- Supreme Court of the United States

Argued January 14, 1947 Decided March 6, 1947
- Full case name: United States v. United Mine Workers of America
- Citations: 330 U.S. 258 (more) 67 S. Ct. 677; 91 L. Ed. 884; 1947 U.S. LEXIS 2954; 12 Lab. Cas. (CCH) ¶ 51,239; 19 L.R.R.M. 2346

Case history
- Prior: Cert. to the United States Court of Appeals for the District of Columbia

Holding
- Restraining order and preliminary injunction prohibiting a strike did not violate the Clayton Antitrust Act or the Norris–La Guardia Act.; The trial court was authorized to punish the violation of its orders as criminal contempt.; Fines imposed by the trial court were warranted in the situation.;

Court membership
- Chief Justice Fred M. Vinson Associate Justices Hugo Black · Stanley F. Reed Felix Frankfurter · William O. Douglas Frank Murphy · Robert H. Jackson Wiley B. Rutledge · Harold H. Burton

Case opinions
- Plurality: Vinson, joined by Reed, Jackson, Burton
- Concurrence: Frankfurter
- Concur/dissent: Black, joined by Douglas
- Dissent: Murphy
- Dissent: Rutledge

= United States v.
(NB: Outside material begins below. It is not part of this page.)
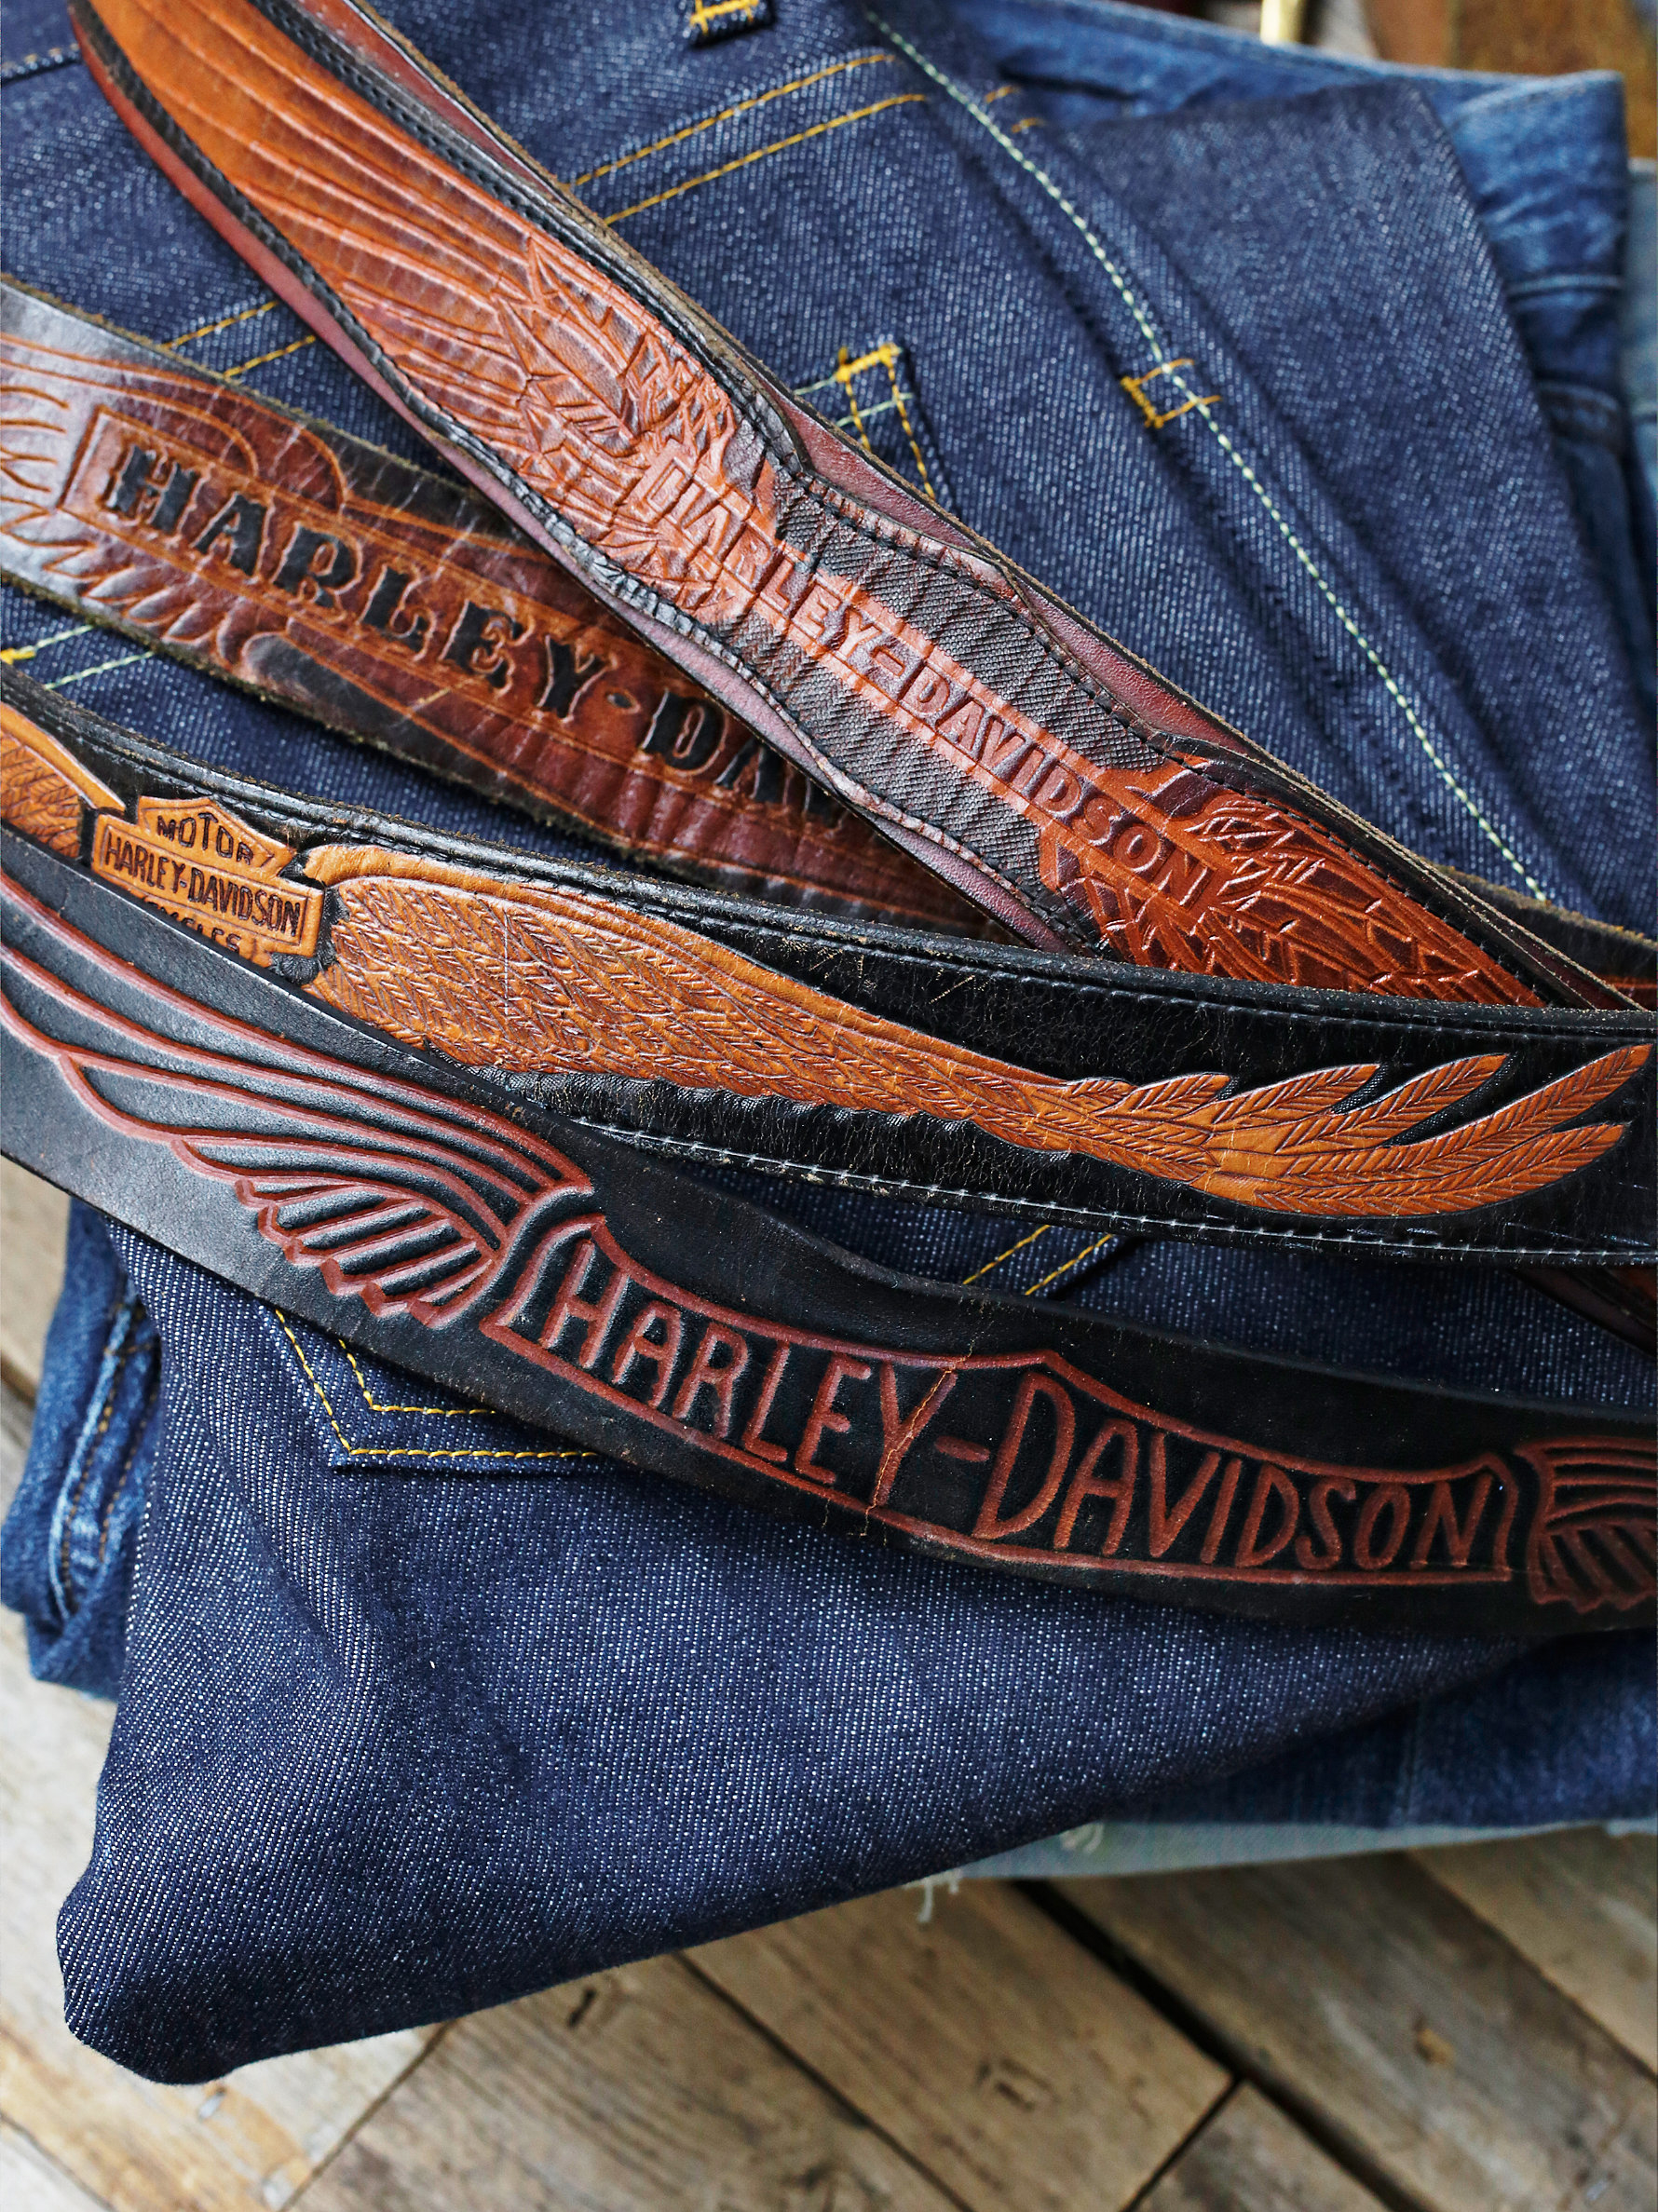 Free People Vintage Harley Davidson Belt for Men

United Mine Workers of America =

United States v. United Mine Workers of America, 330 U.S. 258 (1947), was a case in which the United States Supreme Court examined whether a trial court acted appropriately when it issued a restraining order to prevent a labor strike organized by coal miners. In an opinion written by Chief Justice Fred M. Vinson, the Court held that a restraining order and preliminary injunction prohibiting a strike did not violate the Clayton Antitrust Act or the Norris–La Guardia Act, that the trial court was authorized to punish the violation of its orders as criminal contempt, and that fines imposed by the trial court were warranted in the situation.